## Read the files and extract topics for metadata

In [None]:
from pathlib import Path


def get_md_files(directory):
    files = []
    for path in sorted(directory.rglob("*.md")):
        relative_path = path.relative_to(directory)
        topics = str(relative_path).split("\\")[:-1]
        files.append([path, topics])
    return files


doc_dir = Path("../data/docs")
files = get_md_files(doc_dir)

for file, topic in files[:5]:
    print(f"{file} -> {topic}")

## Split files into chunks / langchain docs

In [None]:
from langchain_text_splitters import MarkdownHeaderTextSplitter

headers_to_split_on = [
    ("#", "Title"),
    ("##", "Subheader")
]
markdown_splitter = MarkdownHeaderTextSplitter(headers_to_split_on=headers_to_split_on, strip_headers=False)

def get_chunks(path, topics):
    chunks = []

    with open(path, "r", encoding="utf8") as f:
        try:
            markdown_text = f.read()
            chunks = markdown_splitter.split_text(markdown_text)
        except Exception as ex:
            print(path, ex)

    for chunk in chunks:
        chunk.metadata["topics"] = ','.join(topics)
        chunk.metadata["path"] = str(path)

    return chunks

docs = []

for path, topic in files:
    docs += get_chunks(path, topic)

for doc in docs[:5]:
    print(doc)
    print(doc.metadata)

# Embed the docs and add them to a vector DB

In [None]:
# load environment variables
import os
from dotenv import load_dotenv, find_dotenv


load_dotenv(find_dotenv())

In [None]:
# load the embedding model
from langchain_openai import AzureOpenAIEmbeddings

embedding_model = AzureOpenAIEmbeddings(
    azure_deployment="text-embedding-ada-002",
    api_version="2023-05-15",
)

In [None]:
# show a sample embedding for the text "hello world"
test_text = "Hello, world!"
embedding = embedding_model.embed_query(test_text)

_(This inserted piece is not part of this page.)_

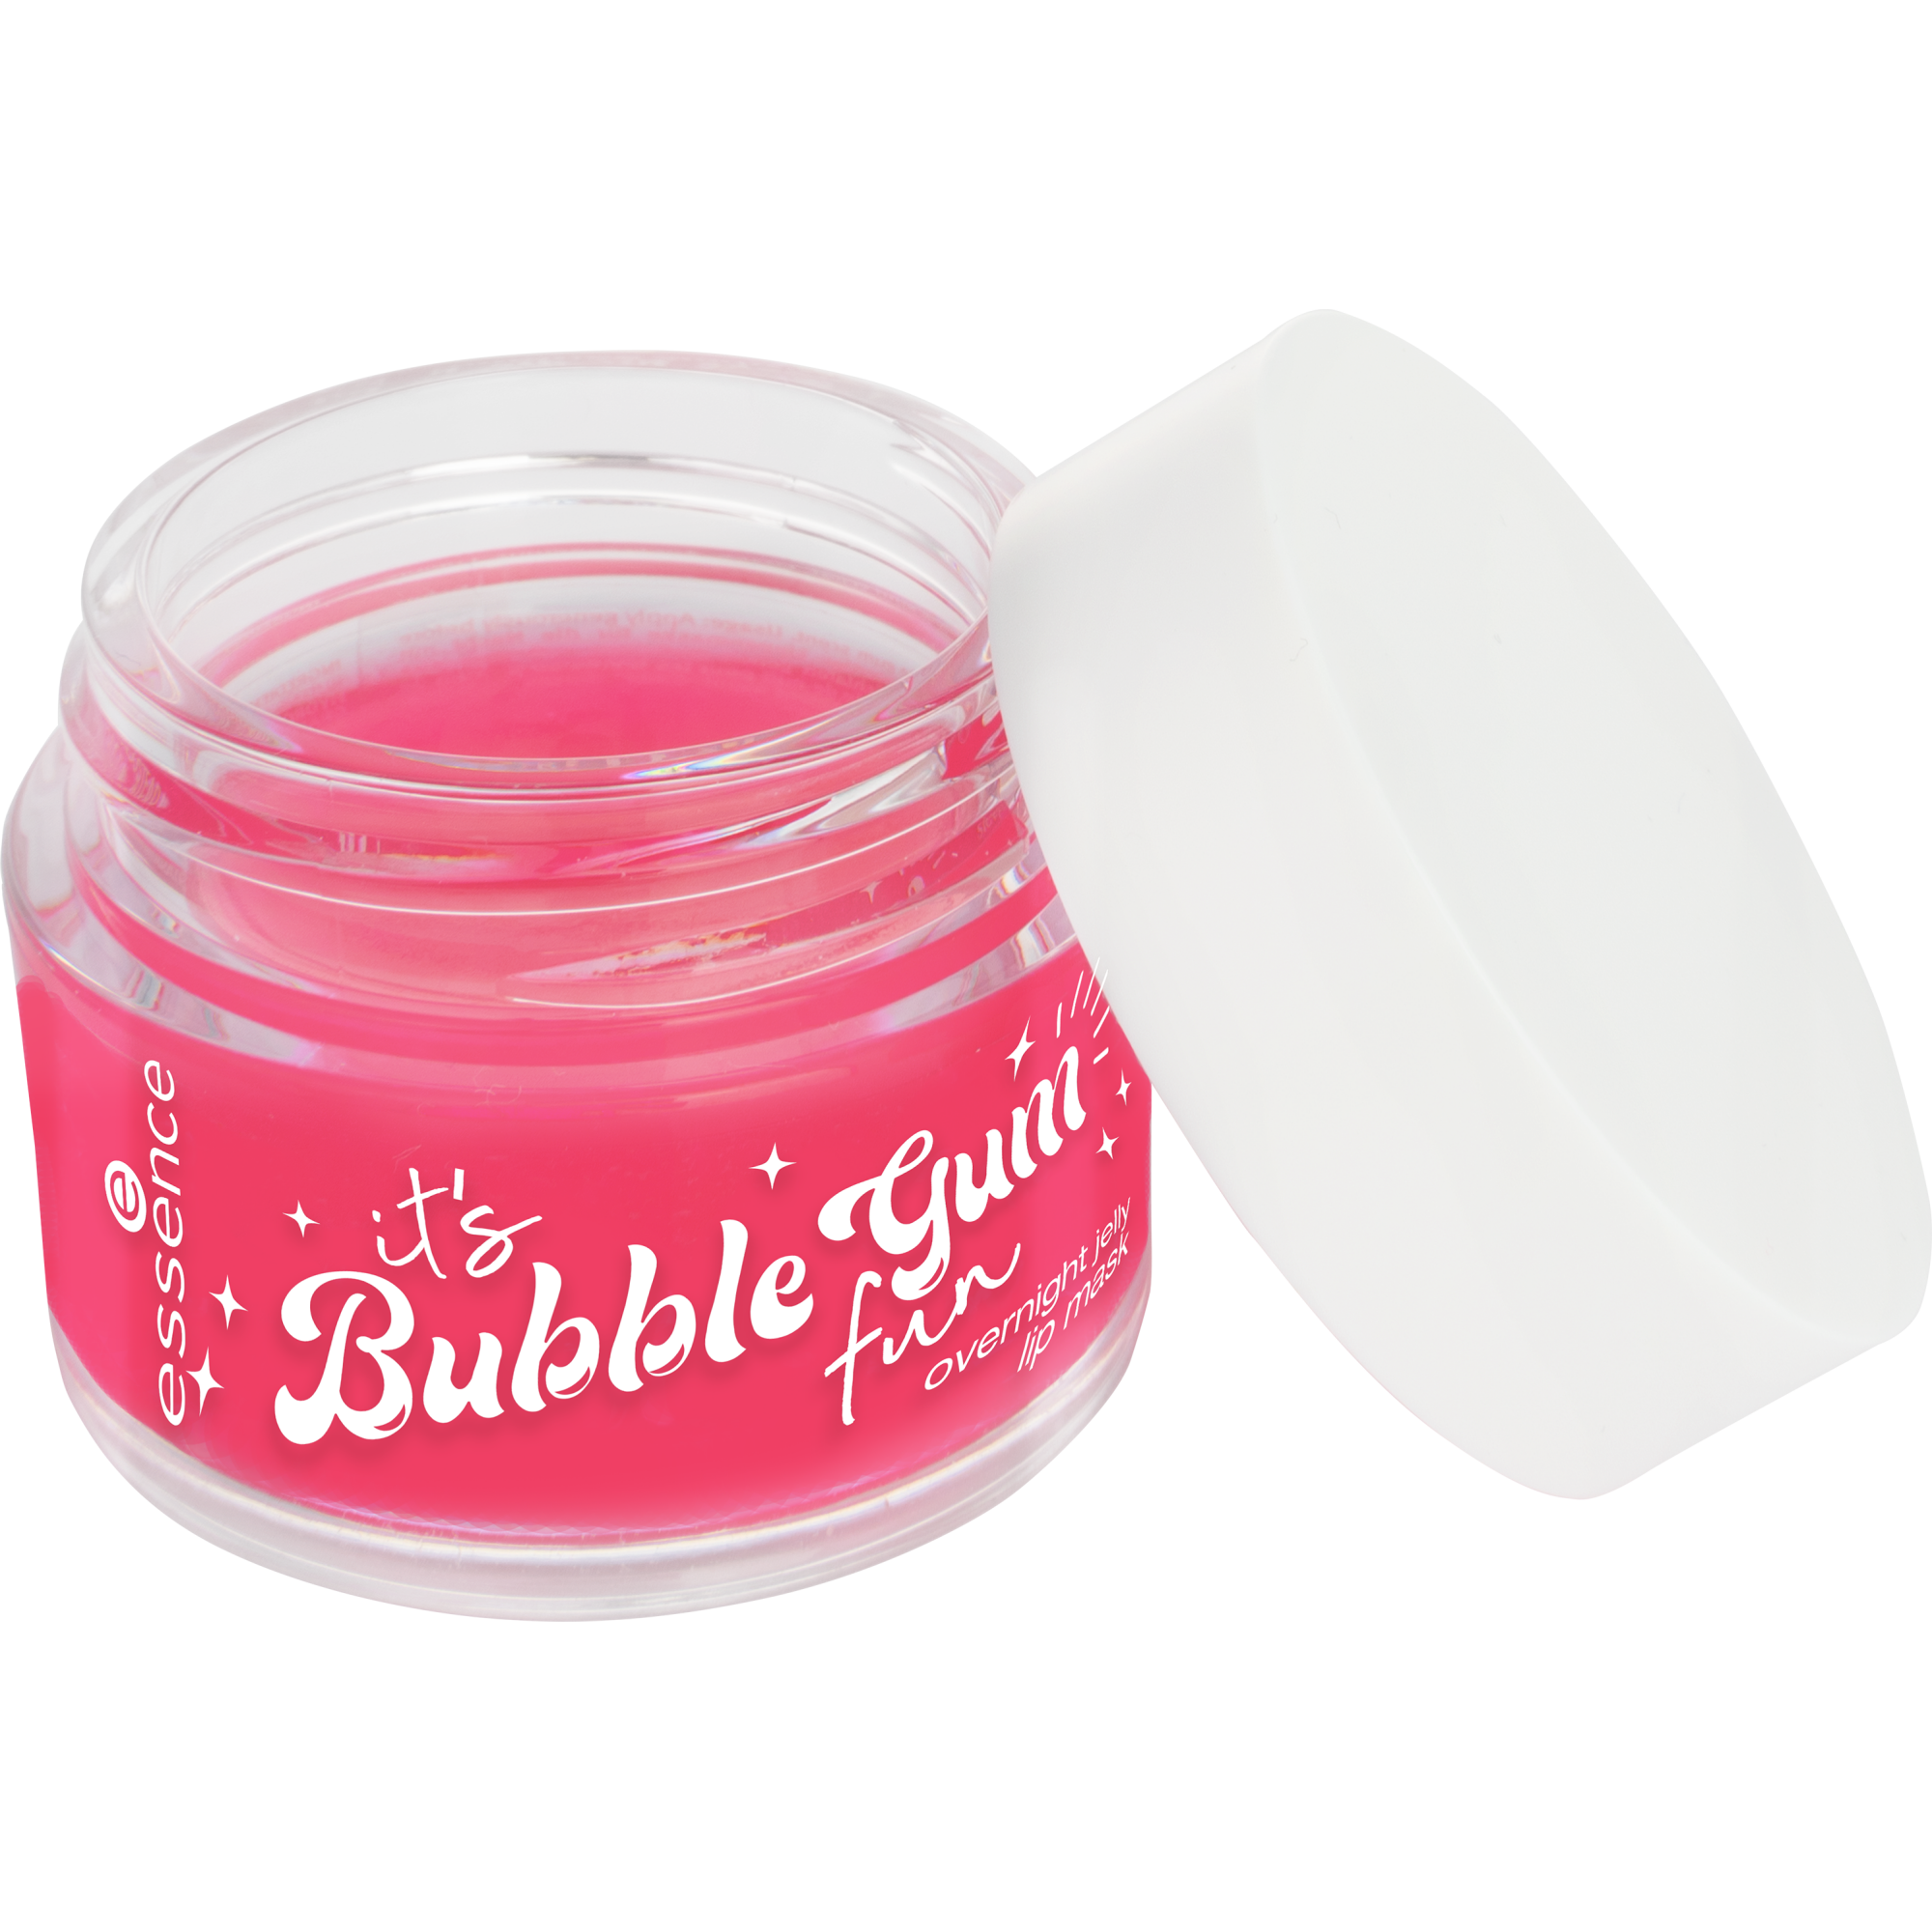 huulemask it's Bubble Gum fun overnight jelly lip mask

print(f"# features: {len(embedding)}")
print(f"first 5 features: {embedding[:5]}")

In [None]:
# initialize the vector store and the index (I picked the index name ef_docs for engineering fundamentals docs)
from langchain_community.vectorstores.azuresearch import AzureSearch

index_name = "ef_docs"
vector_store = AzureSearch(
    azure_search_endpoint=os.getenv("AZURE_SEARCH_ENDPOINT"),
    azure_search_key=os.getenv("AZURE_SEARCH_KEY"),
    index_name=index_name,
    embedding_function=embedding_model.embed_query,
)

In [None]:
# index the docs - this will embed them as well
vector_store.add_documents(docs)

## Test it out with a query

In [None]:
query = "What are the agile ceremonies"
result_docs = vector_store.similarity_search(query)

In [None]:
from IPython.display import Markdown, display


for doc in result_docs:
    print("------------------------------------")
    print("TITLE:", doc.metadata["Title"])
    print("TOPICS:", doc.metadata["topics"])
    print("PATH:", doc.metadata["path"])
    display(Markdown(doc.page_content))